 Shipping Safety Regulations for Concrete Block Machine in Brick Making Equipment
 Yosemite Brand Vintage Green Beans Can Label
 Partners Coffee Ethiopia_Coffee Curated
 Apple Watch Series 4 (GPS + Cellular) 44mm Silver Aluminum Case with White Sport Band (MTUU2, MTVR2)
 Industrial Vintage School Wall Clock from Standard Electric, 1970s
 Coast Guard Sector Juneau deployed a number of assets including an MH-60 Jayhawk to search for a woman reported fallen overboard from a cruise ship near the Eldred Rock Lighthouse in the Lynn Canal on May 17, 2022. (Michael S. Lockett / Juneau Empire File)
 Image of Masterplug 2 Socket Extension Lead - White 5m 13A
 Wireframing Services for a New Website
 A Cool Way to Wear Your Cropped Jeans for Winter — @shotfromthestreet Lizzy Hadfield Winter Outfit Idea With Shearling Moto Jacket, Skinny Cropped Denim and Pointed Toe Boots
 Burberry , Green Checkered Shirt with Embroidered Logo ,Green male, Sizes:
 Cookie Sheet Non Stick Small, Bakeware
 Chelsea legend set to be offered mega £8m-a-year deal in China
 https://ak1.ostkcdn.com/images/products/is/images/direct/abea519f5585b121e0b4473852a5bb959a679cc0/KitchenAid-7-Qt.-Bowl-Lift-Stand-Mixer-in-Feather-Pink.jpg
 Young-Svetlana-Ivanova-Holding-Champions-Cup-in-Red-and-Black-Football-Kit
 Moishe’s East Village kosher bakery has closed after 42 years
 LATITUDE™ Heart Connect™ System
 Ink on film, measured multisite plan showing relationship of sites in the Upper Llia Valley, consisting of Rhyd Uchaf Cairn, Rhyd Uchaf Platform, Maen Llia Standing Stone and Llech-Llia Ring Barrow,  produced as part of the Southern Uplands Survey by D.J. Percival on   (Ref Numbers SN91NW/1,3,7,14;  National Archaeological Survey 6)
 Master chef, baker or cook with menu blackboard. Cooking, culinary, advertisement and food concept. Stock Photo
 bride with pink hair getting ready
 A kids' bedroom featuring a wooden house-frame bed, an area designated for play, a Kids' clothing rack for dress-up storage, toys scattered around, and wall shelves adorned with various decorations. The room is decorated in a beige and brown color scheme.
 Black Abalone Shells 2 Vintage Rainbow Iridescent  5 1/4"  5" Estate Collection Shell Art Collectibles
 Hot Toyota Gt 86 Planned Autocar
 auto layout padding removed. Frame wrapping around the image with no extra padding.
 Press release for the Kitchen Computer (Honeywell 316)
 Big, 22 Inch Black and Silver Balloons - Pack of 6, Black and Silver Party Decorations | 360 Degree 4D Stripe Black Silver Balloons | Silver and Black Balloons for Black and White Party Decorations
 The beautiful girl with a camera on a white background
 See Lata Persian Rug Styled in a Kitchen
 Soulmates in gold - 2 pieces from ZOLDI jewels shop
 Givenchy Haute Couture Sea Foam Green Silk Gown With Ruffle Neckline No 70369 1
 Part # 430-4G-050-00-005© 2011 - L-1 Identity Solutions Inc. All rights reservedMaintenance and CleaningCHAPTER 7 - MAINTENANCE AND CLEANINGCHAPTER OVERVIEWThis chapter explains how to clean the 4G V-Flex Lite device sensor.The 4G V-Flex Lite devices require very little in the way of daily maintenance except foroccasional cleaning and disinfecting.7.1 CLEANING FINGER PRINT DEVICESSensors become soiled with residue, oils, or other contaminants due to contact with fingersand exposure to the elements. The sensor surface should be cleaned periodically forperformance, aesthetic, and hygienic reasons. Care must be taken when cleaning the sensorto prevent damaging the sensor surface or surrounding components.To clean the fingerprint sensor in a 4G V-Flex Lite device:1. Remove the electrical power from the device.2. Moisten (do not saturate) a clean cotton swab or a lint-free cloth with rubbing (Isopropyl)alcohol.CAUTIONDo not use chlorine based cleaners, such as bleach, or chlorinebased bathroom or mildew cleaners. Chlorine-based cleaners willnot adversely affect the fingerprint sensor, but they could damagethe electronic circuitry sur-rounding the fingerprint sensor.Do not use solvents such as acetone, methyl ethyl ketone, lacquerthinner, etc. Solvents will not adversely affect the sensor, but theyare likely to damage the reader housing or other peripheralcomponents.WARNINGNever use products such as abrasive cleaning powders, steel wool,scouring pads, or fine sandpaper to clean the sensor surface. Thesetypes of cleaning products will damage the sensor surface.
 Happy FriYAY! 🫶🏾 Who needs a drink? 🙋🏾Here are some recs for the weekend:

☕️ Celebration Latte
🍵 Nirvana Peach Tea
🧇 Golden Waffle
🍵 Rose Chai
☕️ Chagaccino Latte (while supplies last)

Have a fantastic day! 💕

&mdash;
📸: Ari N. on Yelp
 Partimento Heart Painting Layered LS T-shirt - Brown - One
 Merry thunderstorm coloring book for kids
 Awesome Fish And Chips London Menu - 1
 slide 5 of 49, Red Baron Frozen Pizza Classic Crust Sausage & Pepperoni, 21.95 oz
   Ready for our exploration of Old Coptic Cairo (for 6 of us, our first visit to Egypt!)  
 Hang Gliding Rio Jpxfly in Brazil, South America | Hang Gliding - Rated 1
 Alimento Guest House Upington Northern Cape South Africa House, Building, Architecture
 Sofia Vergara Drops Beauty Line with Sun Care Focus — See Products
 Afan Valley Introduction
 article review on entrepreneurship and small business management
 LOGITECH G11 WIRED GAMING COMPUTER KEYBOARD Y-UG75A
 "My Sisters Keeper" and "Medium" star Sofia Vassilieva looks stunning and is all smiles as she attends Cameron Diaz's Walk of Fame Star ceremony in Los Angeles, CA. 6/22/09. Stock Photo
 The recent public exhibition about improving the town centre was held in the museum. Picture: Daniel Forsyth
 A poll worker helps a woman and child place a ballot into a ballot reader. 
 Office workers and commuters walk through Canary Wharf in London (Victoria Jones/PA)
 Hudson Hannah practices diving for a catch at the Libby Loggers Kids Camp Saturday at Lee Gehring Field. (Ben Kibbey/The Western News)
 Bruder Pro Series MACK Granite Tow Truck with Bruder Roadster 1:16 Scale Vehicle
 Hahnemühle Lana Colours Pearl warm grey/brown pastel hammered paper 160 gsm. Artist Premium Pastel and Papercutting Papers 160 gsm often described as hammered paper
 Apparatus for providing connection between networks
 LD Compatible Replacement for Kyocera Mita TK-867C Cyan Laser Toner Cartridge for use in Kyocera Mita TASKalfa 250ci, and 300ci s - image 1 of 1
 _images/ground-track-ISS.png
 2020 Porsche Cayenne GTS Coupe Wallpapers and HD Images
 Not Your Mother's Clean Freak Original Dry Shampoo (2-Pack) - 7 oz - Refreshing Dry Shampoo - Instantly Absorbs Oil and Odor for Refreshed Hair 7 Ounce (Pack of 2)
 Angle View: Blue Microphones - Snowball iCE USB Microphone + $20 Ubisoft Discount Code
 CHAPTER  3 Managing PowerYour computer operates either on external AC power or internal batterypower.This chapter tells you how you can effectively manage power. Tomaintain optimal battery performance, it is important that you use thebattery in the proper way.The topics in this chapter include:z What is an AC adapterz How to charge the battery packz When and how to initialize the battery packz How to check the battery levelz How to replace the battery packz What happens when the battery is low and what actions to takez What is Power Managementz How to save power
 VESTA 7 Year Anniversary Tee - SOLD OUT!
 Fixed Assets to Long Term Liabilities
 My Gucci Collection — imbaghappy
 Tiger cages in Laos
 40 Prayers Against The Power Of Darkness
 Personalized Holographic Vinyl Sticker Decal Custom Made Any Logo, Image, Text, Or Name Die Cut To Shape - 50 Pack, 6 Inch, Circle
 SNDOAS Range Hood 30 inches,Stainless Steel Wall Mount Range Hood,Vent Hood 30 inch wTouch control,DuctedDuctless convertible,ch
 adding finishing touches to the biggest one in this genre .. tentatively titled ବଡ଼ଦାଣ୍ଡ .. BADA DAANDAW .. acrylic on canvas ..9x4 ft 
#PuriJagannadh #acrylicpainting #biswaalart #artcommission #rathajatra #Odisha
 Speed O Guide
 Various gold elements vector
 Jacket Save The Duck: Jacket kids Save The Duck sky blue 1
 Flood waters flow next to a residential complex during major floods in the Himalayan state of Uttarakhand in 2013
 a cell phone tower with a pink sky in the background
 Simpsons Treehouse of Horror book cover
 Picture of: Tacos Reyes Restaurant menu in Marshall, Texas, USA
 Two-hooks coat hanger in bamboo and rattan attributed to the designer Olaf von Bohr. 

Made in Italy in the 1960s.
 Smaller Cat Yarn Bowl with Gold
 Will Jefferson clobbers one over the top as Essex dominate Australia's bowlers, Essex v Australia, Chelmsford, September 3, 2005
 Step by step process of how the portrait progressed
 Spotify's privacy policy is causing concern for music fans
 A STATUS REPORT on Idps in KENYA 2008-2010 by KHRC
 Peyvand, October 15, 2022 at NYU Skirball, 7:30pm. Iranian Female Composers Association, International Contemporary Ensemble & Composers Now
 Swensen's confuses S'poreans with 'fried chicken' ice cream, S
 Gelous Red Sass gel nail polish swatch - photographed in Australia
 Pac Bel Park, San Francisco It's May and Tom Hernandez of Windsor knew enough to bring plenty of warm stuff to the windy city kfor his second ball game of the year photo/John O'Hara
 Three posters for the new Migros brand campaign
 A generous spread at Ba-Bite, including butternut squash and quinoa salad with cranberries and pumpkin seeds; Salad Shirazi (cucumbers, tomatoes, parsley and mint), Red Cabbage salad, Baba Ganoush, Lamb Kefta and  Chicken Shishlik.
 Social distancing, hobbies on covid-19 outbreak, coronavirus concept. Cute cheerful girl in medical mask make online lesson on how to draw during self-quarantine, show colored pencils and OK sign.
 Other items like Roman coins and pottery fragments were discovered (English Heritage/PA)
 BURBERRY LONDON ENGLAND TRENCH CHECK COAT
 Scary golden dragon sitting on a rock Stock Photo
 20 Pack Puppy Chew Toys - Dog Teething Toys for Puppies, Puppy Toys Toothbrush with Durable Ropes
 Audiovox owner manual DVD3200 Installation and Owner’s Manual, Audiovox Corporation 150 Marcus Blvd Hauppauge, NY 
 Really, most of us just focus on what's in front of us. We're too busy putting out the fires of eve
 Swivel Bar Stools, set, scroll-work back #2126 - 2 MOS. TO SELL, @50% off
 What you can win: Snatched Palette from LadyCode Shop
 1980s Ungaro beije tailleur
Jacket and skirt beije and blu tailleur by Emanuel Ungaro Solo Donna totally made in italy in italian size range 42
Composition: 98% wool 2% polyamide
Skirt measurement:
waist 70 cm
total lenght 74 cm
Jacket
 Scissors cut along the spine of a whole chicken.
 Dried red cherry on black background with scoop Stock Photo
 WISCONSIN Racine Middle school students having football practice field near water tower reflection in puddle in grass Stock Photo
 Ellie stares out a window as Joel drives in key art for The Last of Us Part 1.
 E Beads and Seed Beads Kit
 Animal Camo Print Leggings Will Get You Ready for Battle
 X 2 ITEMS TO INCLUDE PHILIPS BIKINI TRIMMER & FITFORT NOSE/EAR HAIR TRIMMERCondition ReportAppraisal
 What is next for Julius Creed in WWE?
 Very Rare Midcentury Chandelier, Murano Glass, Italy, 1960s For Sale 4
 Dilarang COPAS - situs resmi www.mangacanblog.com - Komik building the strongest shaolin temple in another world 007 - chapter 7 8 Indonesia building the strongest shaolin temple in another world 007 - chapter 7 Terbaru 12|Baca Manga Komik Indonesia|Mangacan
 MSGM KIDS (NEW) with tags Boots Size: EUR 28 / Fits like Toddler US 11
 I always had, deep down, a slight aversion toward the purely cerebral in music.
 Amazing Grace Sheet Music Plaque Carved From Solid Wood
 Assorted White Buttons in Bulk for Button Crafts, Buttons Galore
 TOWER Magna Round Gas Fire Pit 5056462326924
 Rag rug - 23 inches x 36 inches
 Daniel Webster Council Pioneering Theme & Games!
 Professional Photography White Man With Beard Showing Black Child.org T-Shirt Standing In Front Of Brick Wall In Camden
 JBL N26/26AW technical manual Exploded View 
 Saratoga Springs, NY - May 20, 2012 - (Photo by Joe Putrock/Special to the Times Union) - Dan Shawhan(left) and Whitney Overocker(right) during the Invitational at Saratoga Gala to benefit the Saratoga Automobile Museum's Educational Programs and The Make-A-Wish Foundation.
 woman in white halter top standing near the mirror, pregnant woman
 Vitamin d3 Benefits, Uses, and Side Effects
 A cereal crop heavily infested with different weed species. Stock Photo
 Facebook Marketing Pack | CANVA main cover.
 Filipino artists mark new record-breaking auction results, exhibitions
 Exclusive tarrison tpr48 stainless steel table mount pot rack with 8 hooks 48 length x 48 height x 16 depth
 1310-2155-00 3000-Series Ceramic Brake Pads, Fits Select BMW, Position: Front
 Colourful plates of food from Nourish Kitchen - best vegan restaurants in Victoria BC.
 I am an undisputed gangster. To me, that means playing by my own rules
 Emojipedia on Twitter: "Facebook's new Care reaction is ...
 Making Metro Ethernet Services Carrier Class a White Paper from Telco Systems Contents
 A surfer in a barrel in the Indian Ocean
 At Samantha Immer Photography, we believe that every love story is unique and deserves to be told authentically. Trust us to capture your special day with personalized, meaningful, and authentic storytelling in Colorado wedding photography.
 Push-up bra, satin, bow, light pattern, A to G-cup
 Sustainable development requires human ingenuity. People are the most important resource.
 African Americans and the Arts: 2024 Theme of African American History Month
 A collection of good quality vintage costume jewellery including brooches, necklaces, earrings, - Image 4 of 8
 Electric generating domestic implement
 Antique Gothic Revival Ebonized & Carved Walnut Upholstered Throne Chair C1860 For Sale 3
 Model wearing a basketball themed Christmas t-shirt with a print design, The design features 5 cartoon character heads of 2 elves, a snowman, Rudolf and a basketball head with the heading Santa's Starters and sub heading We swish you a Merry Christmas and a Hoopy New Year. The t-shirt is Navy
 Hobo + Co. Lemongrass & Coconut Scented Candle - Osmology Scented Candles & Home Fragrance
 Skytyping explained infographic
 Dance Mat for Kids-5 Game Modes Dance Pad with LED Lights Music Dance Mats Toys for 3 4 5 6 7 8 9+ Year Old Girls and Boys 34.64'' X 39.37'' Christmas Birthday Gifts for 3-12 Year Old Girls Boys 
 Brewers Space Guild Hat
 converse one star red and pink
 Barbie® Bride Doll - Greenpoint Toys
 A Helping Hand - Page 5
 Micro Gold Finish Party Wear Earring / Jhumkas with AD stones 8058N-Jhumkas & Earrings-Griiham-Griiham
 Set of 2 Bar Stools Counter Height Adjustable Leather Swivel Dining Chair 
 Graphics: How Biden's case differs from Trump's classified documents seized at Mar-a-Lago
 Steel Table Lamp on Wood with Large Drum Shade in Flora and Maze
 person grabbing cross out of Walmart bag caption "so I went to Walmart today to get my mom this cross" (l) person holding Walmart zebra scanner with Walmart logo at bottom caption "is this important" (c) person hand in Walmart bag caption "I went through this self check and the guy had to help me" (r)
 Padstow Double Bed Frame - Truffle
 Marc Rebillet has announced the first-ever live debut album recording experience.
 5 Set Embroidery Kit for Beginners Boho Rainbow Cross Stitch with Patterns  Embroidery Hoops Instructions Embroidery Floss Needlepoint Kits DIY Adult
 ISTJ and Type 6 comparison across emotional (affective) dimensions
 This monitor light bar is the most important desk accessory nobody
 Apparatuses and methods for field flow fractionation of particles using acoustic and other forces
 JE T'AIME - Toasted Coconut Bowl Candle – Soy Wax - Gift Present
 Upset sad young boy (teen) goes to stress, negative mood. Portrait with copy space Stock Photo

Your task:
Give back, exactly as written, the stretch from the line with "Hot Toyota Gt 86 Planned Autocar" through the line with "Press release for", and no other lines from the records above.

Your response:
 Hot Toyota Gt 86 Planned Autocar
 auto layout padding removed. Frame wrapping around the image with no extra padding.
 Press release for the Kitchen Computer (Honeywell 316)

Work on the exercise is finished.